Side Effects Of Checkpoint Inhibitors
Like any other form of treatment for cancer, patients experience certain side effects due to checkpoint inhibitors. Some of the most common side effects that are seen in patients when they avail this line of treatment include –
- Skin Rash
- Loss of Appetite
Apart from these common side effects, in rare cases, a patient may experience some other serious side effects. It becomes important during such a situation that a patient lets their doctor know about these side effects so that they can then recommend a line of treatment that will suit their needs.

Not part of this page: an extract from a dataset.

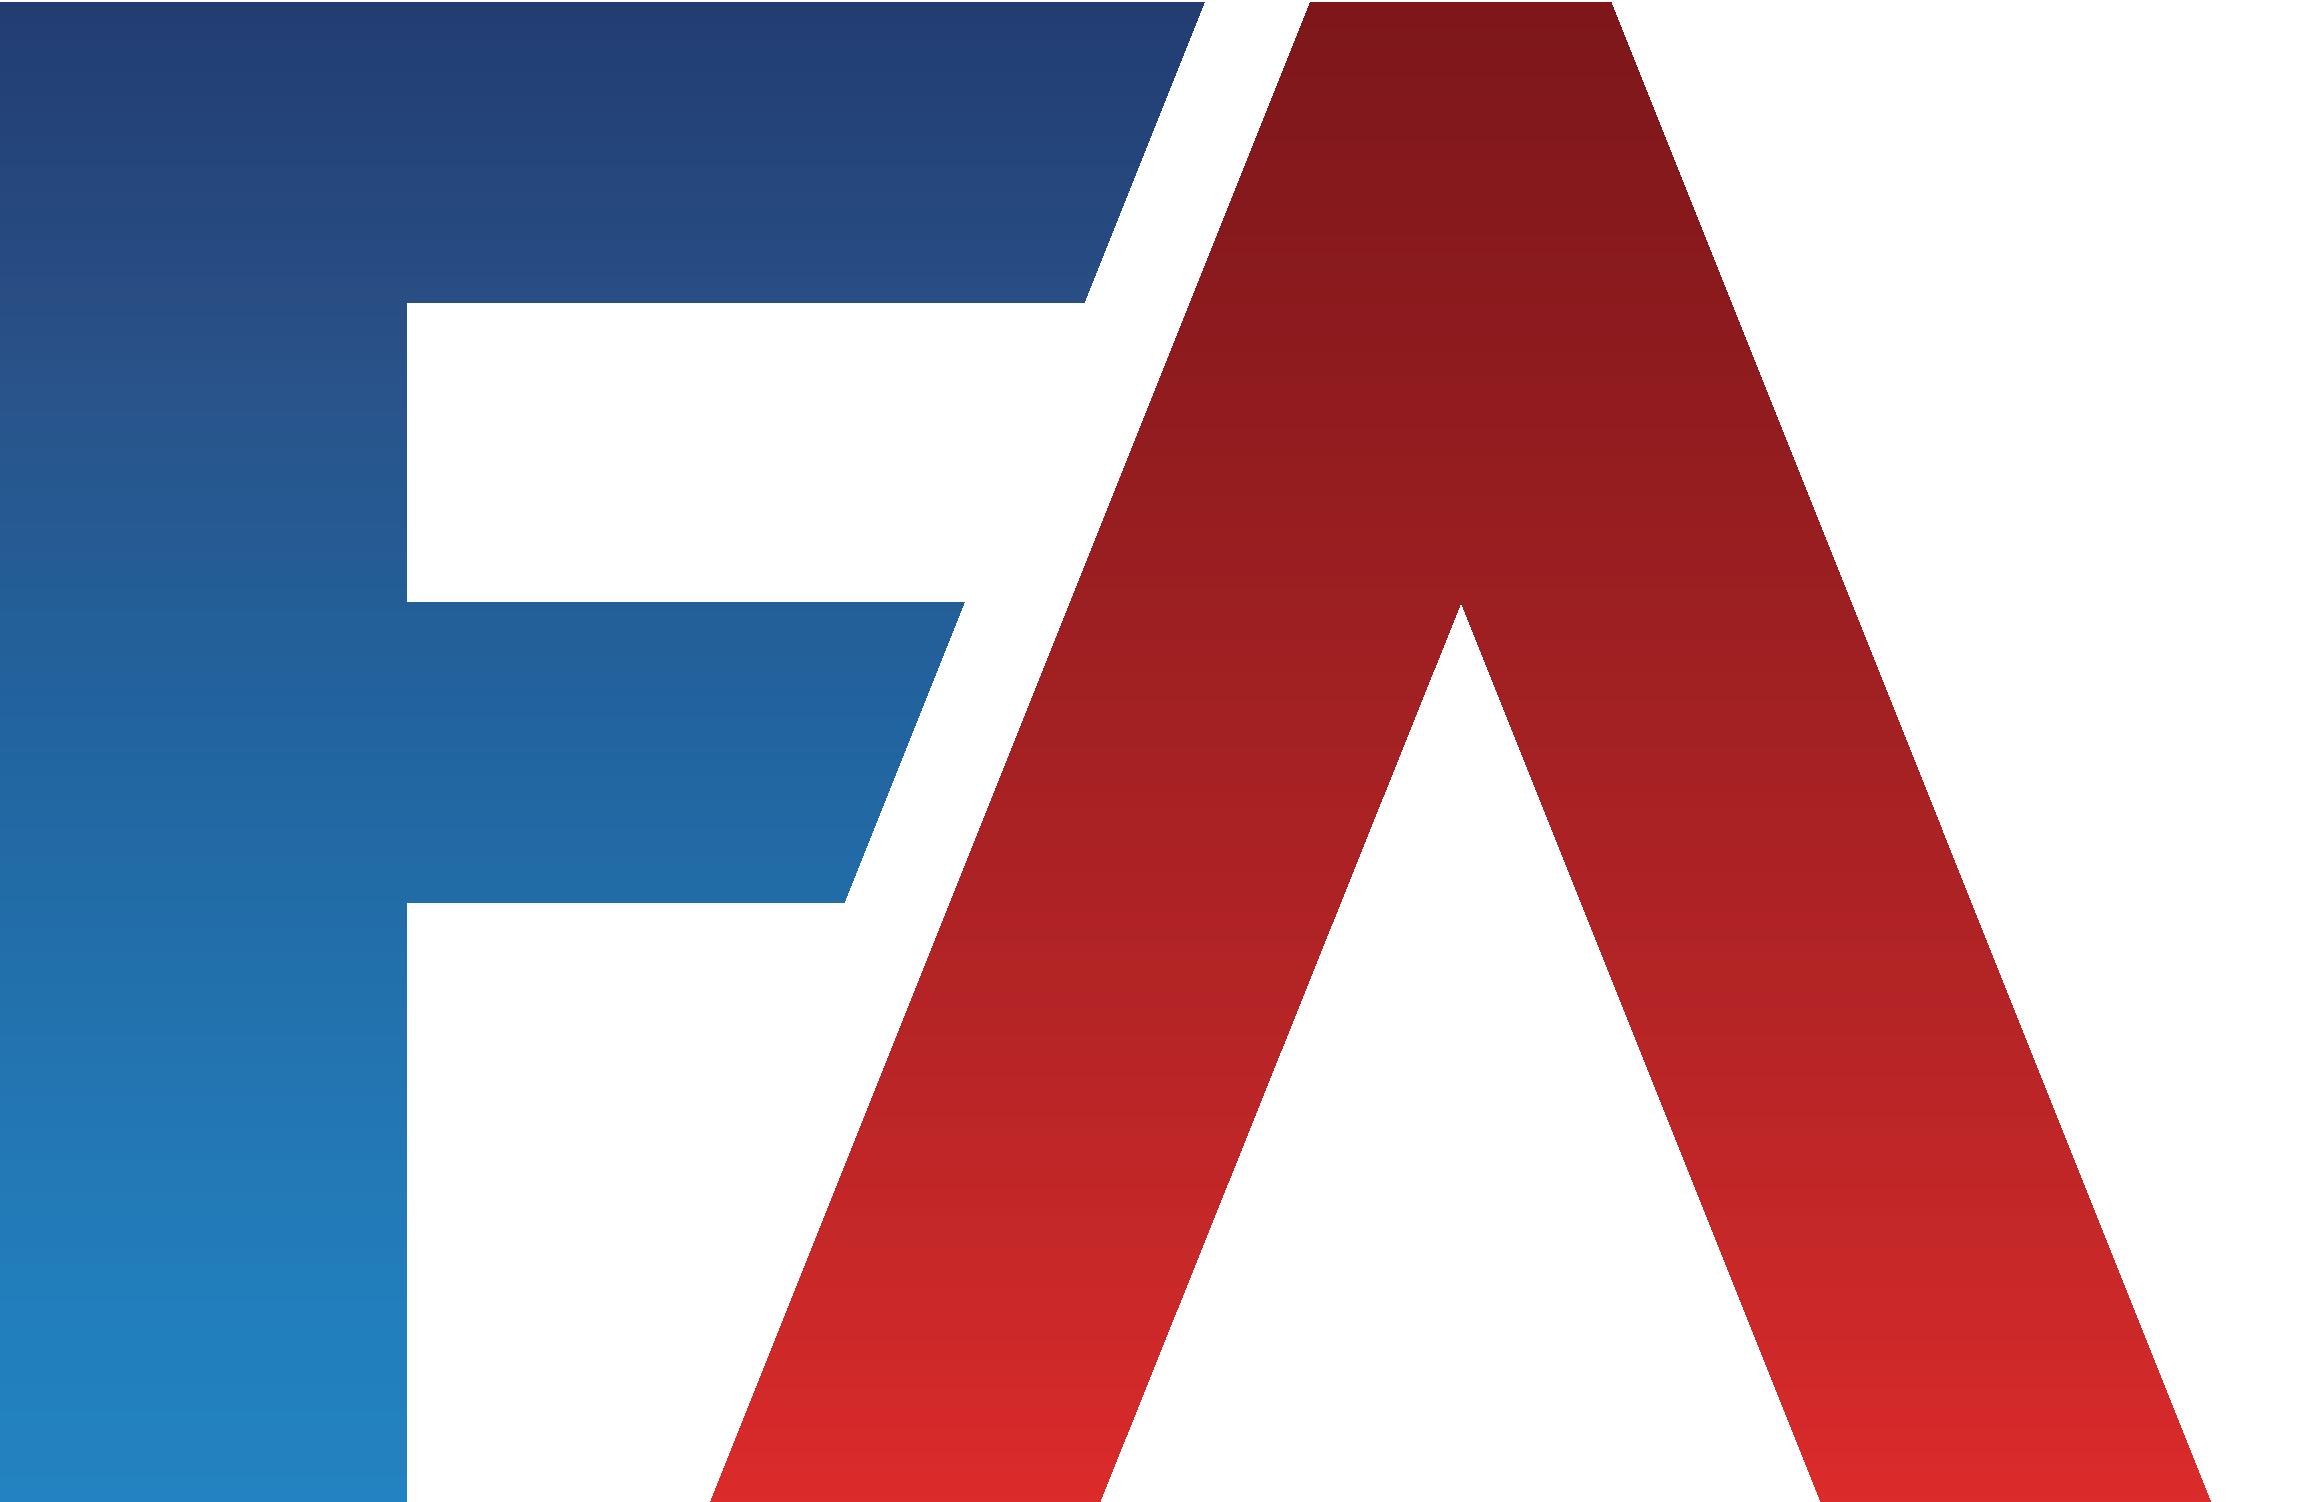 NFL Game Matchup Report - Week 1 | FantasyAlarm com

Some serious side effects include –
- Infusion reactions – Since these drugs are transmitted through an IV infusion a person may experience skin reactions and rashes. Infusion reactions can result in allergic problems, chills, rashes, fever, and even difficulty in breathing. If a patient is experiencing any of these symptoms after availing checkpoint inhibitors, then they should immediately try to contact their doctor since this may turn out to be something serious.
- Autoimmune reactions – In some cases, checkpoint inhibitors can result in autoimmune reactions. Since these drugs target a particular checkpoint protein, this then separates one of the safeguards from the body’s immune system. In some cases, the immune system may react to this removal by attacking other parts of the body, which can even lead to life-threatening situations.
While in most cases the side effects of checkpoint inhibitors aren’t as serious as other modes of treatment, in certain cases a person may experience a series of severe side effects which should not be taken for granted no matter what.
Checkpoint Inhibitors have gained popularity over the last few years due to the various positive outcomes. Due to negligible side effects and the ease with which these drugs are administered, Checkpoint Inhibitors have garnered a reputation for becoming a viable option for cancer treatment.